6 Strategies for Leveraging a Balance Transfer 

If you’re searching for ways to streamline your credit card payments, a credit card balance transfer may be a good option for you.

With a balance transfer, you can consolidate balances from multiple credit cards onto one card. This can help reduce the number of payments you have to make.

Like any financial tool, balance transfers work best when used strategically. This article explores how to take full advantage of balance transfers and how to avoid common pitfalls.

Learn how balance transfers work

When deciding if a balance transfer is right for you, make sure you know these terms: 

  • Maximum transfer amount. The maximum amount you can move from other credit cards onto your credit card through a balance transfer. Ideally, you want to find a card with a transfer limit that’s large enough to consolidate all of your credit card balances. 
  • Promotional APR. Credit cards may have different balance transfer offers, with a low or 0% APR for a specific period, usually 6 to 36 months. 
  • Standard APR. Once the promotional period ends, your rate will increase to the standard APR, which could be 21% or more.
  • Balance transfer fee. The balance transfer fee is usually a percentage of the amount you transfer. The fee typically ranges from 1% to 5% and is added to your total balance on your new card. In Quebec, there may be no fee at all.

Research credit card options

To find the right credit card for your balance transfer, take time to research your options. Review multiple cards to see if you meet the qualification criteria. 

When you narrow your search, see if you can prequalify on the issuer’s website. This process typically requires a soft credit pull, which won’t impact your credit score. 

Prequalification doesn’t guarantee approval, but it will give you a better idea of whether the card is a good fit and what terms you’re likely to qualify for.

Prioritize your highest-interest balances

The card you choose for your balance transfer may not have a transfer limit large enough to accommodate all your other balances. 

In this case, consider transferring balances with the highest interest rate first.

Have a payoff plan

To make the most of a balance transfer promotional offer, you typically need to make more than the minimum payment each month. Create a payoff plan by taking your total amount of debt and dividing it by the number of months in the promotional period. 

For example, say you have completed a $5,000 balance transfer to a card with a 10-month 0% promotional period. That works out to $500 per month for 10 months in order to pay off your entire balance at 0% interest.
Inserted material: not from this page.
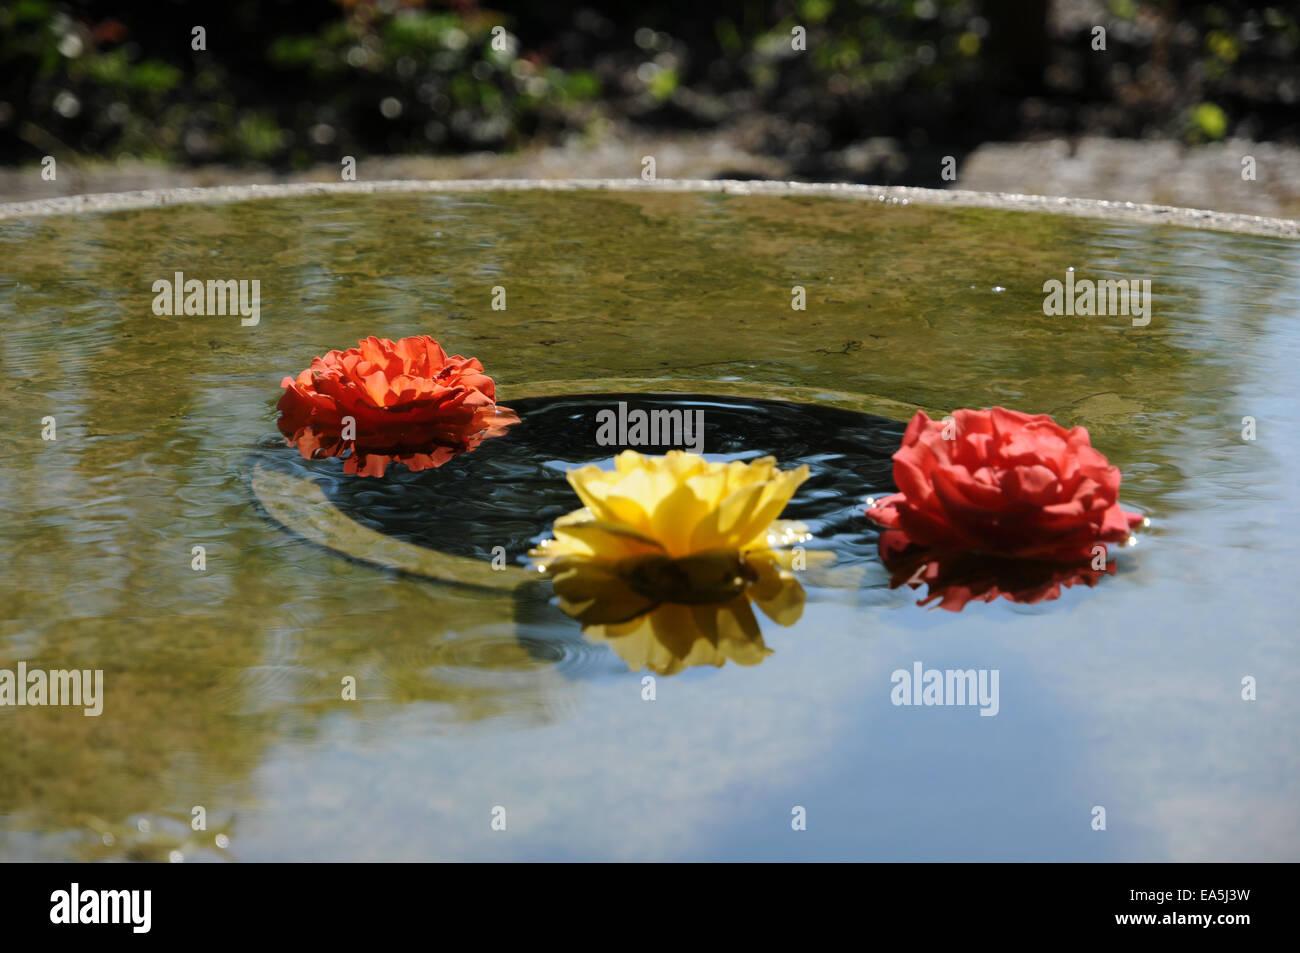 Wasser gut mit Rosen Stockbild

Avoid new purchases on your balance transfer credit card

If you have completed a balance transfer, then you may want to avoid making new purchases with that credit card. Not only will it add to your overall balance, but the promotional APR may not apply to new purchases. Instead, the standard rate will apply. 

For example, you might have a promotional rate of 0% for transferred balances and a new purchase rate of 21%.

Keep your old credit cards active

While there may be situations when closing a credit card is the best choice — to eliminate a high annual fee or the temptation to overspend, for example — it may negatively affect your credit score. 

Closing your card will reduce your available credit, which can affect your credit utilization ratio. Ideally, you should keep your balances below 30% of your available credit. Closing an account reduces the amount of credit you have and raises your utilization ratio. If you close a card that you’ve had for a long time, this can also lower the average age of your accounts. High credit utilization and a low average age of accounts can both hurt your credit score. 

If you have a credit card that’s paid off but you no longer use it, some issuers might close it automatically after a period of time. To prevent this, use your card for a small purchase or two every few months and pay it off right away to avoid interest charges.

Streamline your credit card payments with a balance transfer

Responsible use of a balance transfer can help you take control of your payments. To find the right card for you, seek prequalification to see what cards you qualify for and compare the terms across multiple cards.

If you choose a card with a promotional balance transfer offer, pay off as much of your transferred balance as possible during the promotional period. To maximize the benefits of a balance transfer, establish a payoff plan, avoid making new purchases and keep your old card active if you can.

By applying these simple strategies, you may be able to significantly reduce your interest costs and get your debt under control.